Джина вдруг вскакивает на ноги, впервые за сегодня взглянув Лайту в глаза, — этот тяжёлый взгляд насквозь прожигает его сердце, — и принимается расхаживать по комнате, удивительно живо взмахивая руками.
— Целые снежные поля, понимаешь, Лайт? Такие белые, что от них слепит глаза, искрящиеся, переливающиеся на свету. Наверняка этот снег мягкий на ощупь, как песок, но нежнее. Синдбад как-то рассказывал мне о таком месте… — девушка опускается на кровать, выглядя ещё более несчастной, чем раньше. Казалось, эта сильная эмоциональная вспышка отняла все оставшиеся силы, и Джина продолжает совсем тихо: — Он и сам был там лишь однажды, уж слишком далёкое и трудное это плавание. Ведь там, где так холодно, даже в море можно наткнуться на огромные ледяные глыбы, погубив и корабль, и всю команду заодно.

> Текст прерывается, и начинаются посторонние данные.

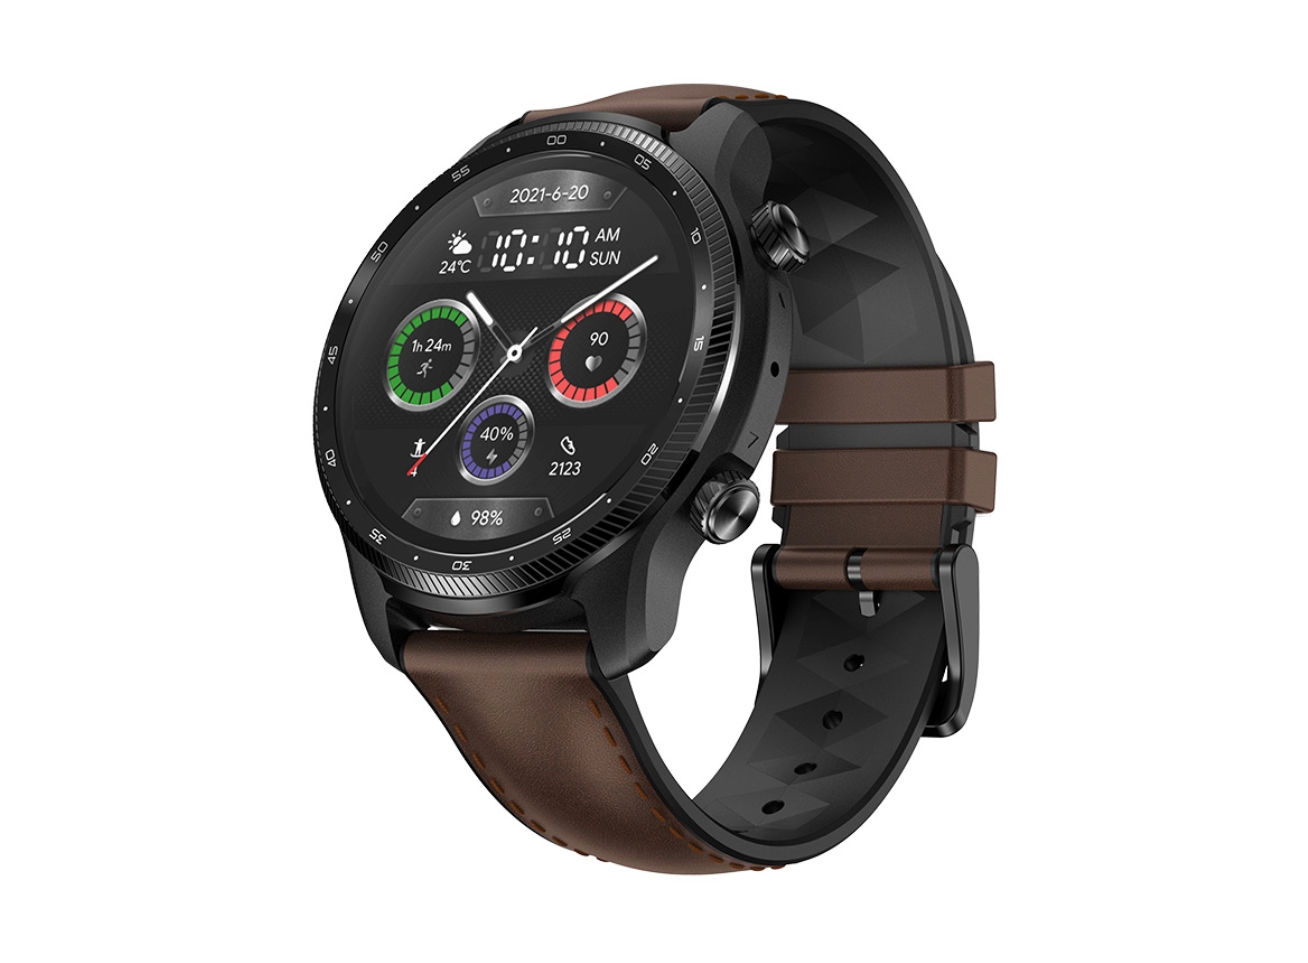 TicWatch Pro X: WearOS-based smartwatch with dual display, Snapdragon Wear 4100 chip, 1GB RAM, eSIM and battery life up to 45 days for $370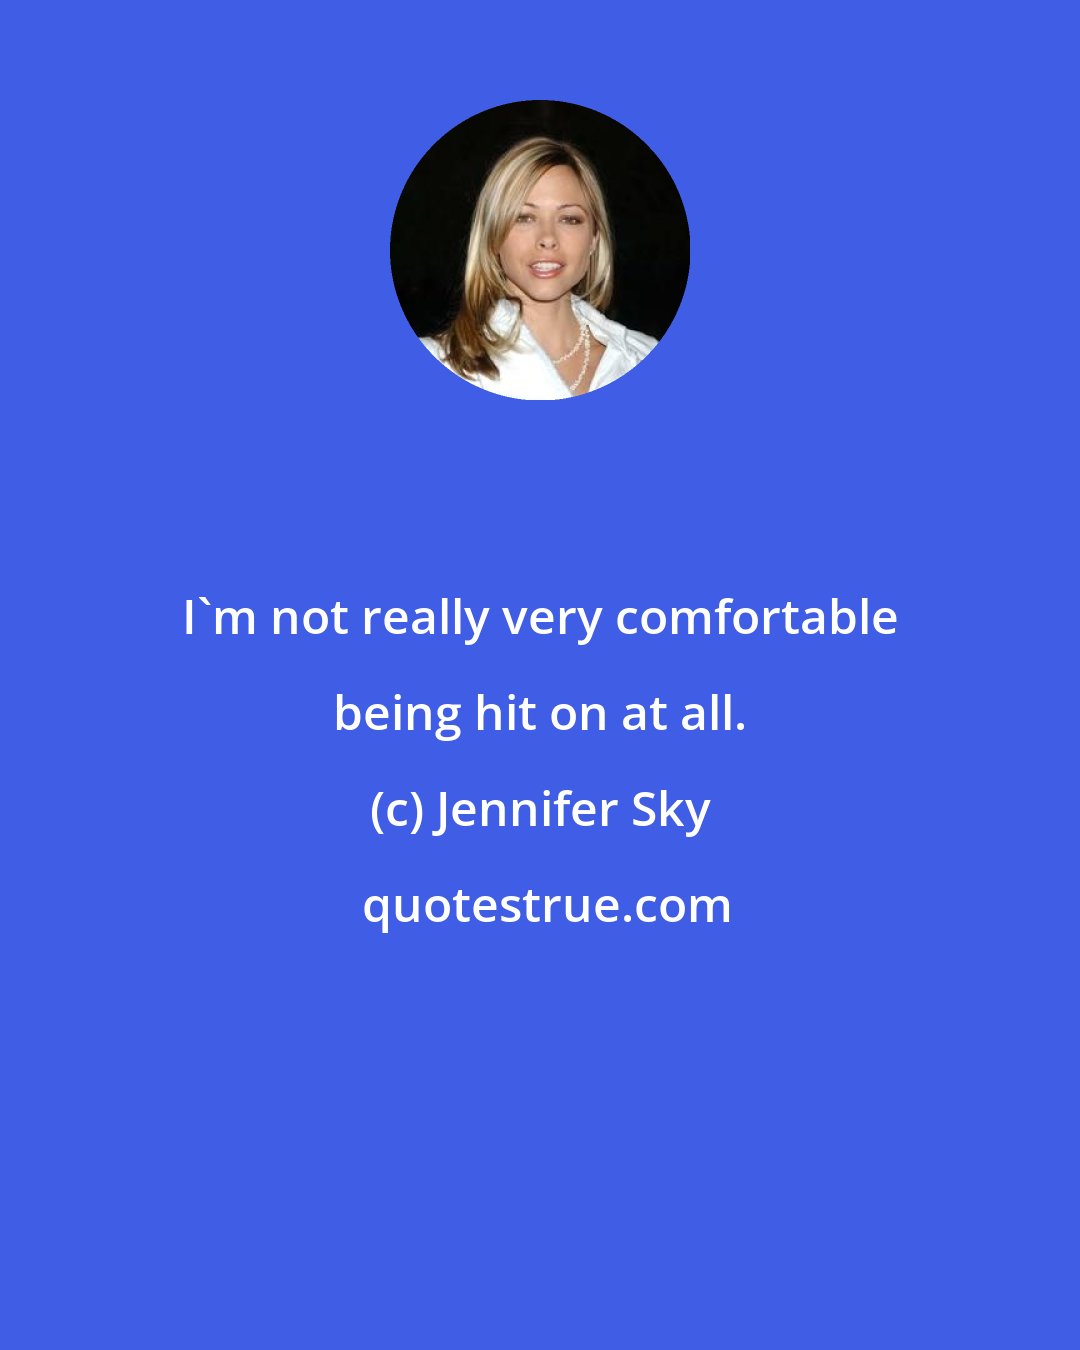 Jennifer Sky: I'm not really very comfortable being hit on at all.

Лайт осторожно подходит ближе, усаживаясь на другой край постели, молчит, ожидая, что она скажет дальше и совершенно не представляя, к чему вообще этот странный монолог. Будто он совсем не знает эту Джину. Переменчивая, вспыльчивая, временами агрессивная, иногда апатичная и плаксивая, ни капельки не похожая на жизнерадостную, полную энтузиазма и неисчерпаемого оптимизма девушку, в которую он так безнадёжно влюбился. Даже не знал, что она может быть такой. Но это открытие юношу нисколько не отталкивает, напротив, ему было бы даже приятно, что рядом с ним Джина позволяет себе быть самой собой, если бы эта новая, доселе скрытая от него часть не приносила ей сейчас такое страдание. Всё, что он хочет, — это снова увидеть нежную улыбку, от которой уголки губ сами поднимаются в ответ, а по плечам и ладоням разливается тепло. Лайт с трудом отвлекается от взлелеянных в потайных уголках души воспоминаний, понимая, что Джина всё ещё говорит с ним.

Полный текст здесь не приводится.